Saturday, March 14, 2009

Primary Education


It was the first hour of the first day in the first grade, the day I had been waiting for with all my impatient little heart. At last I was entering the world where you were expected to learn things every day, the sophisticated world of my big brother, a seasoned 4th-grader. This wasn’t merely kindergarten (which I’d heard about but never been to), this was truly being in school.


Everything was new and vivid, the room was filled with promise and excitement. I sat motionless as though invisible at ‘my’ desk, my first ever, happy to be a part of the regimentation, to be just a stranger in a row of bolted-down desks...a strict regimentation because school was that important, it seemed to me. There was something extravagant about all this, the way everything was devoted to the purpose of learning about something. Within minutes I wanted to know what we were going to learn about first, thinking that it would have to do with letters or numbers or something like that.

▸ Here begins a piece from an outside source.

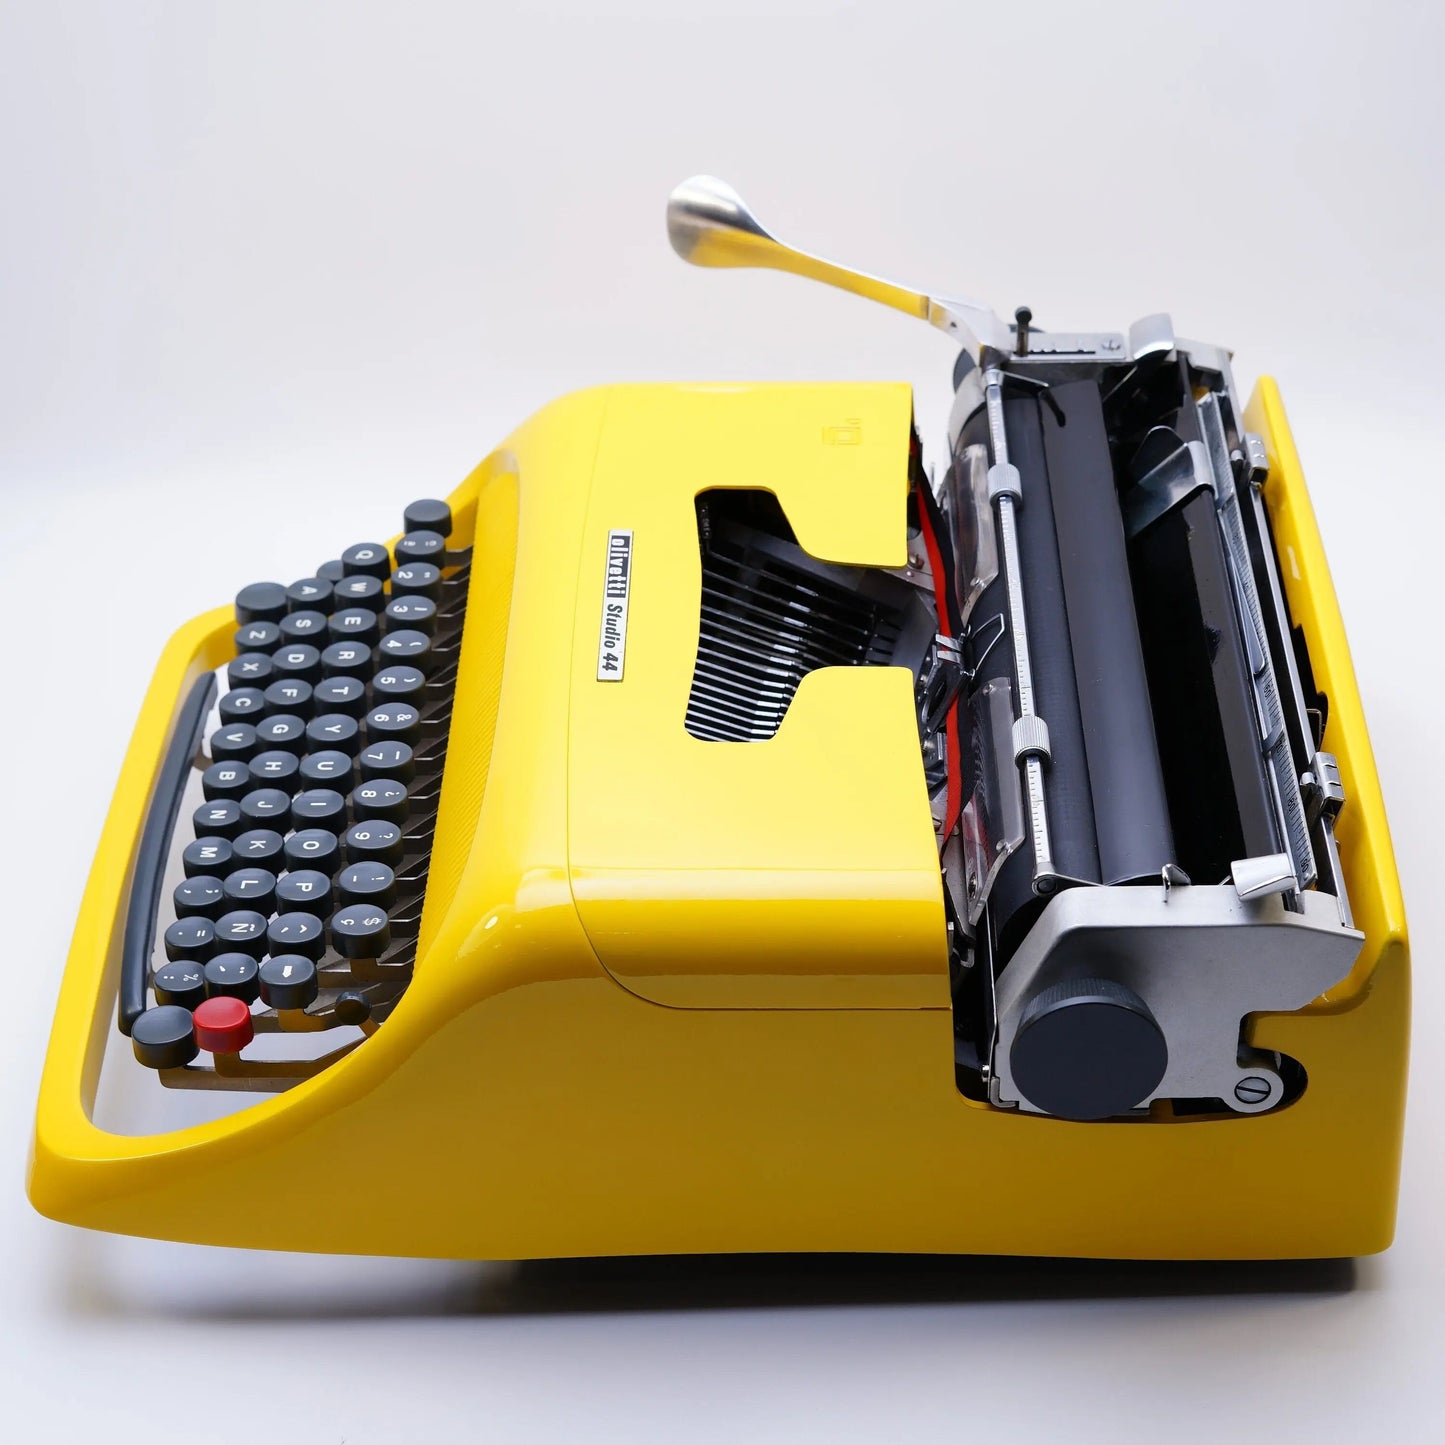 Limited Edition Olivetti Studio 44 Yellow Typewriter, Vintage, Manual Portable, Professionally Serviced by Typewriter.Company - ElGranero Typewriter.Company

Then the ranks broke and little Billy C., the only kid in the room I knew even vaguely, the only other little Jewish kid, began crying at his desk, bawling actually. The next thing I remember, as though remembering a dream, little Billy C. is standing at the front of the room, hopelessly whimpering, the lady teacher is bending down to comfort him. Billy C. had peed in his pants with much abandon. Now he stood sobbing with the backs of his hands held to his eyes in a way I had never seen before, the front of his pants a sizable flower of wet. Then there appeared a small group of mothers hovering and consoling him, mothers who had been allowed in the room for this first hour of the first day and had waited unobtrusively in the back of the room. Billy C.’s mother was not among them. One of the ladies, her face filled with concern even as she smiled, took one of Billy’s hands away from his eyes and led him outside, probably to take him home.


I could afford to be brave, as well as inspired. We lived directly across the street from the school, so there was a sense of familiarity at the edges of all this newness for me: no peeing in my pants. My father would meet me after school (this was during the Depression, there was no work to be had). We would walk a half a block to a little store that had a huge glass case filled with shelves of penny candy, and every day I would choose one piece of candy and my father would put a penny on the counter. Then he would take my hand and we’d cross the street and in a couple of minutes we’d be home.


It was a long time before they tried to teach us anything about letters or numbers. I’m not sure why this memory has stayed with me, but I know that little Billy C. and his awful first day had a lot to do with it. On the other hand, and aside from that, this day was certainly a First, that from which all the rest would spring. Like kissing a girl for the first time, or one’s first experience with death, which for me was Popeye, our black and white bird-dog. When Popeye was killed by a car about a year before that first day of school, I saw that it was strictly out of love that my brother was crying, something I’d never seen before, and I realized probably it was a first, something new for him too.